ARIMA Model for RMSE comparison
To check out of sample performance of ARIMA model, we will fit ARIMA(1,1,1) to the training data.
arima_var_transform = AMZN_Train %>%
mutate(closingPrice_box = BoxCox(AMZN.Close,lambda='auto'))
# Save Lambda from Box Cox to Use Later
best_lambda2 = attr(BoxCox(AMZN_Train$AMZN.Close,lambda='auto'),'lambda')
mod3_auto = arima(arima_var_transform$closingPrice_box,order=c(1,1,1))
checkresiduals(mod3_auto)
##
## Ljung-Box test
##
## data: Residuals from ARIMA(1,1,1)
## Q* = 9.1219, df = 8, p-value = 0.3321
##
## Model df: 2. Total lags used: 10
Box.test(mod3_auto$residuals,type = 'Ljung-Box',lag=5)
##
## Box-Ljung test
##
## data: mod3_auto$residuals
## X-squared = 7.9862, df = 5, p-value = 0.157
Since the p value is greater than 0.05, the residuals are independently distributed.
# Get Predictions for 1019 steps ahead
prediction = predict(mod3_auto,n.ahead=1019)
Calculating Out of Sample RMSE for ARIMA:
test_pred = predict(mod3_auto, n.ahead= 1019)
test_pred_ar = test_pred$pred
error_ar = AMZN_Test$AMZN.Close - test_pred_ar
out_rmse_ar=sqrt(mean(error_ar^2,na.rm=T))
out_mae_ar = mean(abs(error_ar))
out_mape_ar = mean(abs((error_ar)/AMZN_Test$AMZN.Close))
out_rmse_ar
## [1] 2454.235
out_mae_ar
## [1] 2334.464
out_mape_ar
## [1] 0.9812361
Out-of-sample RMSE for best ARIMA model is 2454.235 Out-of-sample MAE for best ARIMA model is 2334.464 Out-of-sample MAPE for best ARIMA model is 0.9812361
Prophet Model for RMSE comparison
library(prophet)
Prophet_best_model = prophet(train)
future = make_future_dataframe(Prophet_best_model,periods = 300)

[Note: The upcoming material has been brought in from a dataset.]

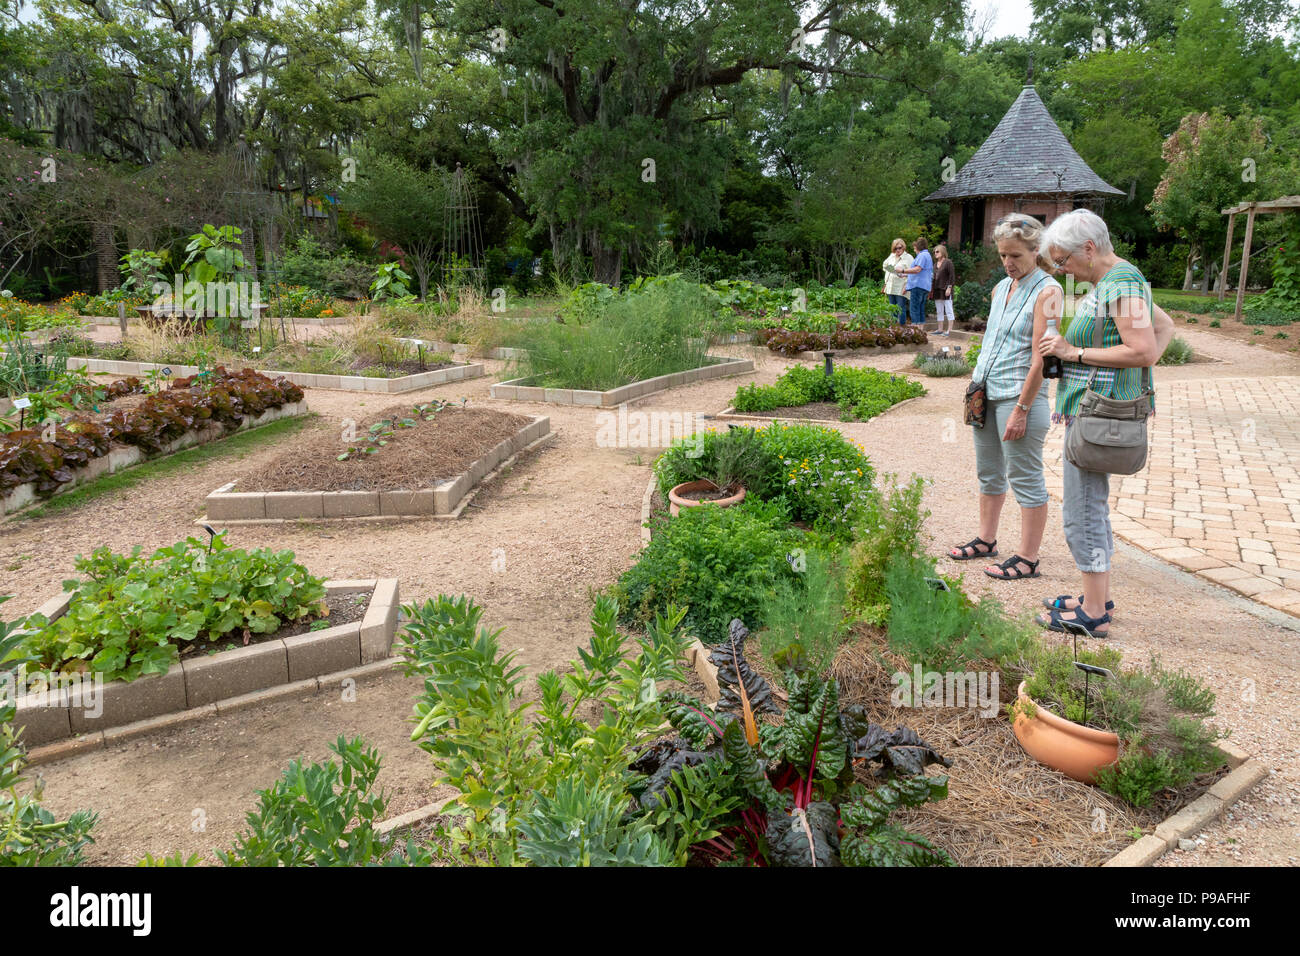 New Orleans Louisiana The Plano Demonstration Garden In The New

forecast = predict(Prophet_best_model,future)
forecast_metric_data = forecast %>%
as_tibble() %>%
mutate(ds = as.Date(ds)) %>%
filter(ds>=ymd("2018-01-01"))
out_rmse_pr = sqrt(mean((test$y - forecast_metric_data$yhat)^2))
out_mae_pr = mean(abs(test$y - forecast_metric_data$yhat))
out_mape_pr = mean(abs((test$y - forecast_metric_data$yhat)/test$y))
out_rmse_pr
## [1] 1184.803
out_mae_pr
## [1] 1075.054
out_mape_pr
## [1] 0.3525634
Out-of-sample RMSE for best Prophet model is 1184.803 Out-of-sample MAE for best Prophet model is 1075.054 Out-of-sample MAPE for best Prophet model is 0.3525634
Out of Sample RMSE comparison between best models built on ARIMA and Prophet
tibble(
`best_ARIMA` = round(out_rmse_ar,2),
`best_Prophet` = round(out_rmse_pr,2)
)
## # A tibble: 1 x 2
## best_ARIMA best_Prophet
## <dbl> <dbl>
## 1 2454. 1185.
The RMSE value of Prophet is lower than that of ARIMA model and hence, we pick Prophet model as our best pick for prediction of stock price data of Amazon.
ARIMA model is extremely useful to know the data generating process of time series data, however Prophet model usually performs better out-of-sample prediction. Therefore, comparing the model gives us overall picture of which model performs better for this particular time series data.